一些村户家养了看家护院的土狗, 土狗们听到有陌生车辆的声音,此起彼伏的叫了起来,一时间, 好像他们被凶恶的土狗包围了。
蒋华正站在路口等阚修竹。
男人停了车, 打着手电筒靠近,“他们俩还没回来?”
蒋华点头,“没呢!带他们上山的江建民也没回来!听说好像是去了什么地方, 都怪我,也没细问!”
“这里信号本来就不太好, 又是在山上,电话早就联系不上了,我就是担心他们的安全, 才选择报警的!”
“你做的很对, 就是该及时报警。”阚修竹安慰了一句,并没有说更多。
他知道,这时候蒋华并不需要任何回答,她只是在通过这种方式,缓解心中的担忧。
阚修竹没有立即上山找人, 而是目光灼灼的盯着左手边——
那里是江偏以家的方向。
一个多月前,李福海突然跑上后山被乱刀砍死,一个多月后,暂住在江偏以家的林则, 又无缘无故失踪在后山。
他很难不去怀疑,江偏以是否在其中扮演了一个微妙的角色。
“我先去江偏以家看看。

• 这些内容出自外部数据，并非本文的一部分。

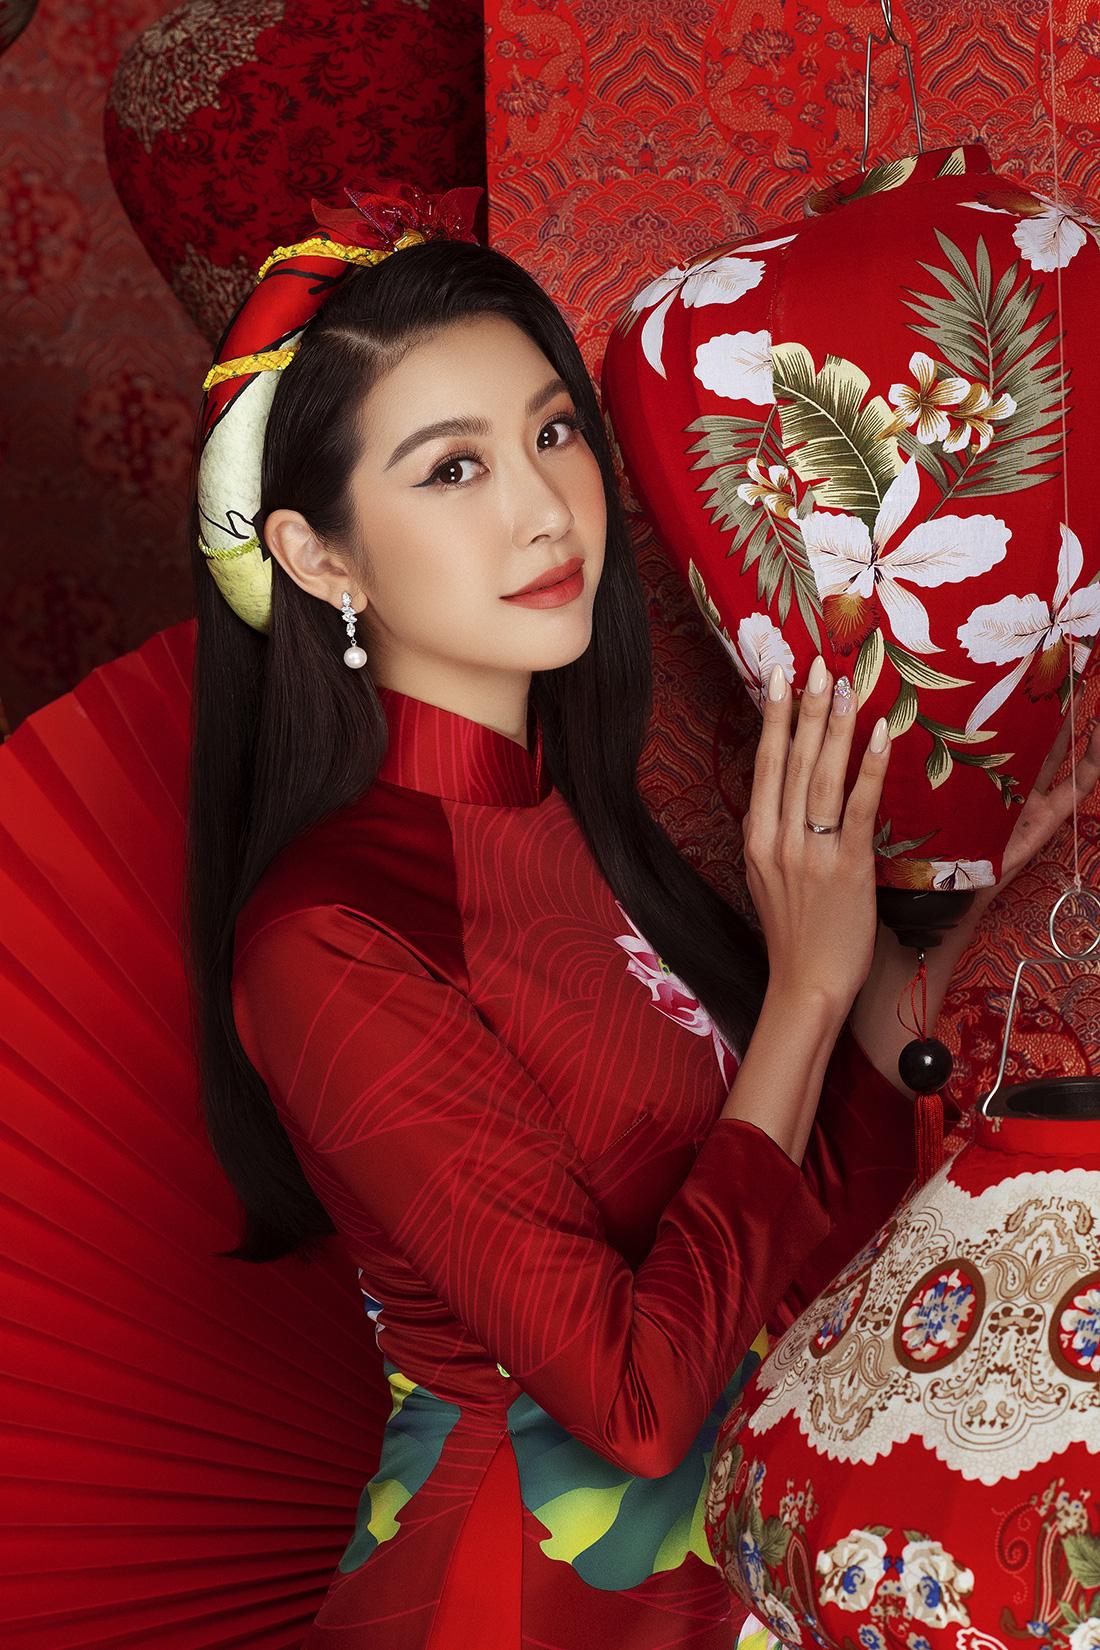 Á hậu Hoàng My, Thúy Vân làm thơ, sáng tác nhạc vì Covid-19 - Ảnh 4.

”
蒋华不知道原由,赶紧阻止他,“我已经去过了,林则没回来,江偏以也不在家,他家里只有一个已经痴呆的老人,一问三不知。”
阚修竹追问道:“江偏以不在家?”
蒋华在心里“嘶”了一声,她耐心即将告罄,怀疑这警察还能不能行了,她打电话报警是为了两个失踪的人,跟江偏以又有什么关系?
他又没有跟着去!
“他不在家,我确定!”
“行,”阚修竹点头,“我跟我同事上山去找,你就在这里等消息。”
警局人手不够,过来的只有阚修竹和他的同事——一个中年男人老张。
不过他们都配了枪,不用担心在山上会遭遇危险。
就这样,晚上八点半,两人一前一后进入了诡秘的后山森林中。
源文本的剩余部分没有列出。